It's happening Saturday, July 21, at 3:00 pm, at Sweetland Farm in Norwich, Vermont. Wonderful poets Didi Jackson, Julia Shipley, and Ocean Vuong will be there, reading poems and eating pie. We'd love you to be there, too! We'll have an open mic, lots of great conversation, pie, pie, and more pie. For details and to RSVP, visit the LN Events page.

 

May's Shooting Stars

A cool literary find from each of us to help light up your month!

  • Our friend James Crews is teaching an online Mindfulness and Writing workshop from May 5 to June 2. If you made it to Poetry & Pie last July, you already know how wonderful James is. There will be exercises/prompts, videos, readings, and the opportunity for a phone consult at the end of the course. All levels are welcome. —Shari
     
  • The first sestina I fell for is Elizabeth Bishop's, but I've never attempted writing my own—yet. If you're like me and need a little help, local writer and all-around wonderful human Rena Mosteirin has created a little software tool that generates the correct order for your selected end words. As she notes, the source code for the program is itself a sestina. ♥—Rebecca

May Highlights

Morgan Parker. Photo by Rachel Eliza Griffiths

Morgan Parker. Photo by Rachel Eliza Griffiths

Natalie Shapero and Morgan Parker read from their poetry collections at Bennington College on Wednesday, May 2 at 7:00 pm.

The Bloodroot Literary Magazine launch party for Issue 10 is happening at Left Bank Books in Hanover, New Hampshire, on Friday, May 4, from 7:00 to 10:00 pm. Hannah Howard will read from Feast, followed by an open mic for all Upper Valley writers.

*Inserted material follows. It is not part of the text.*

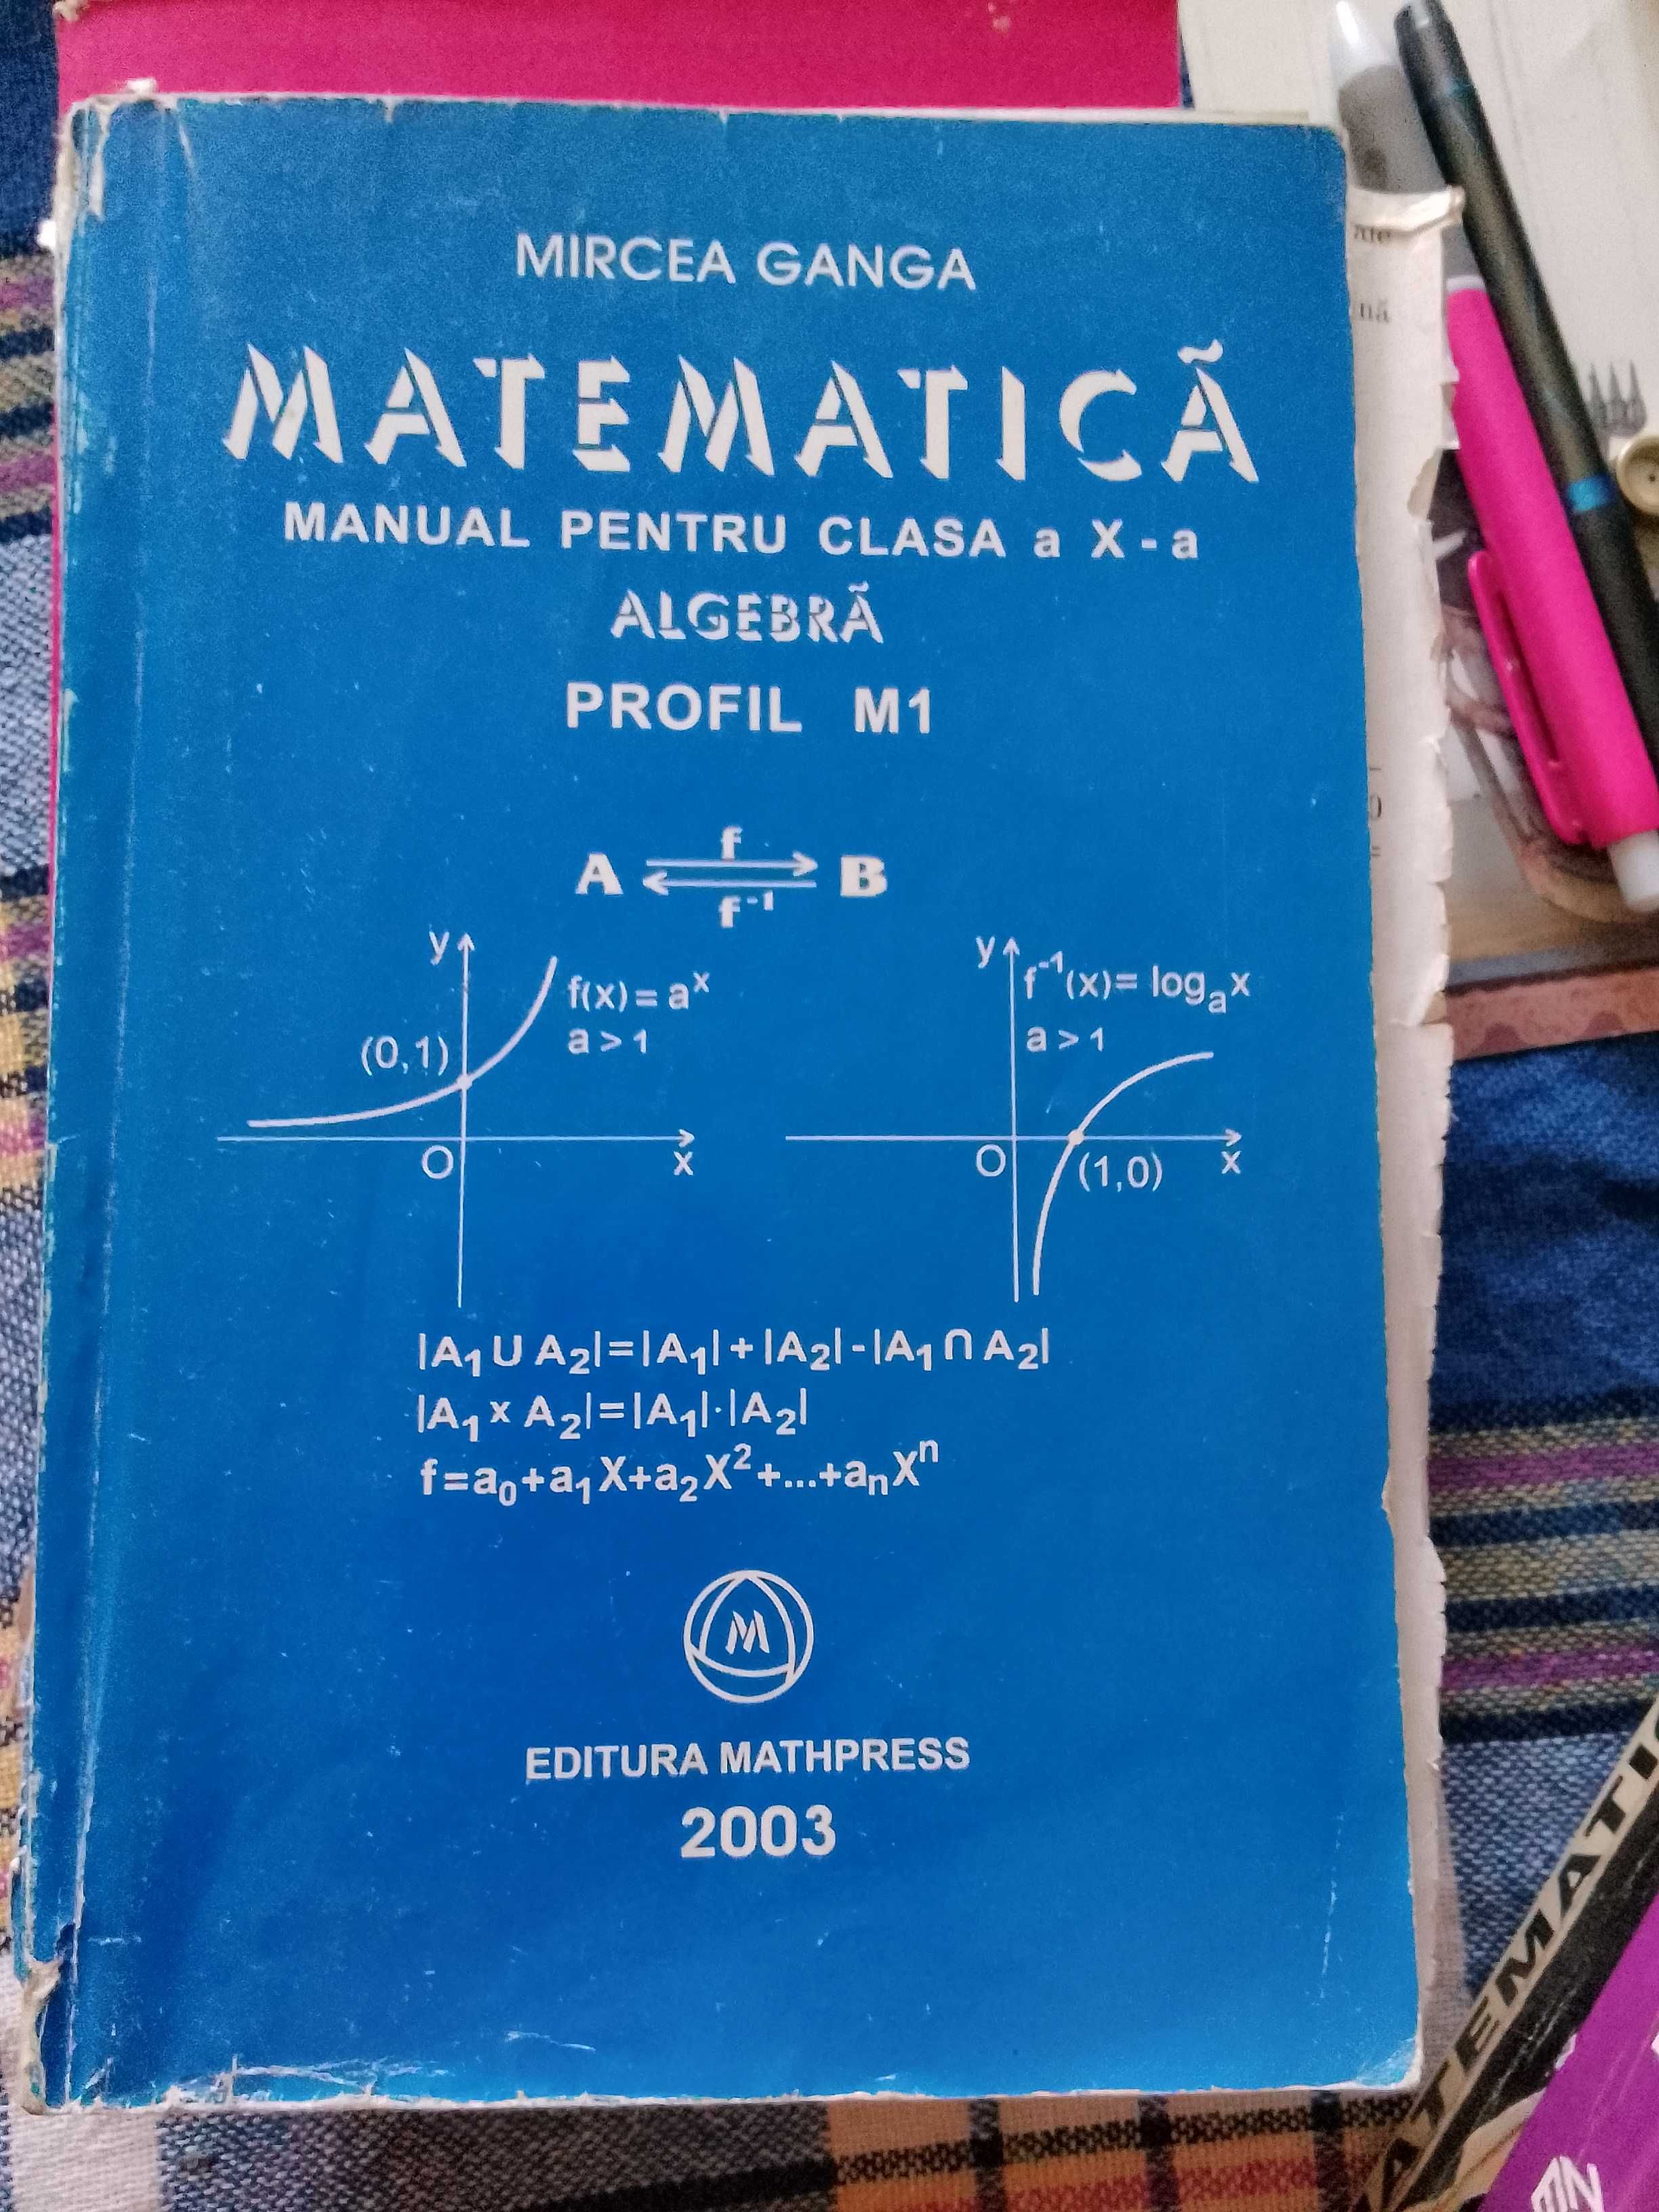 Cărți matematica pt liceu 6 buc

Bianca Stone. Photo by Hillery Stone

Bianca Stone. Photo by Hillery Stone

Waking Windows hosts the Page Burner Reading Series in Winooski, Vermont, on Saturday, May 5 at various locations beginning at noon. Authors include James Crews, Jessica Hendry Nelson, Annie DeWitt, and Bianca Stone.

A new season of Talk of the Porch begins on Monday, May 7 and will continue most Mondays in May, June, and August. Based at the Craftsbury Public Library in Craftsbury Common, Vermont, and led by Vermont writers Stark Biddle and Julia Shipley, Talk of the Porch is a slightly irreverent but totally intense reading/discussion group focused on fiction in The New Yorker. Copies of the week's stories are available at the library starting the Wednesday before each meeting.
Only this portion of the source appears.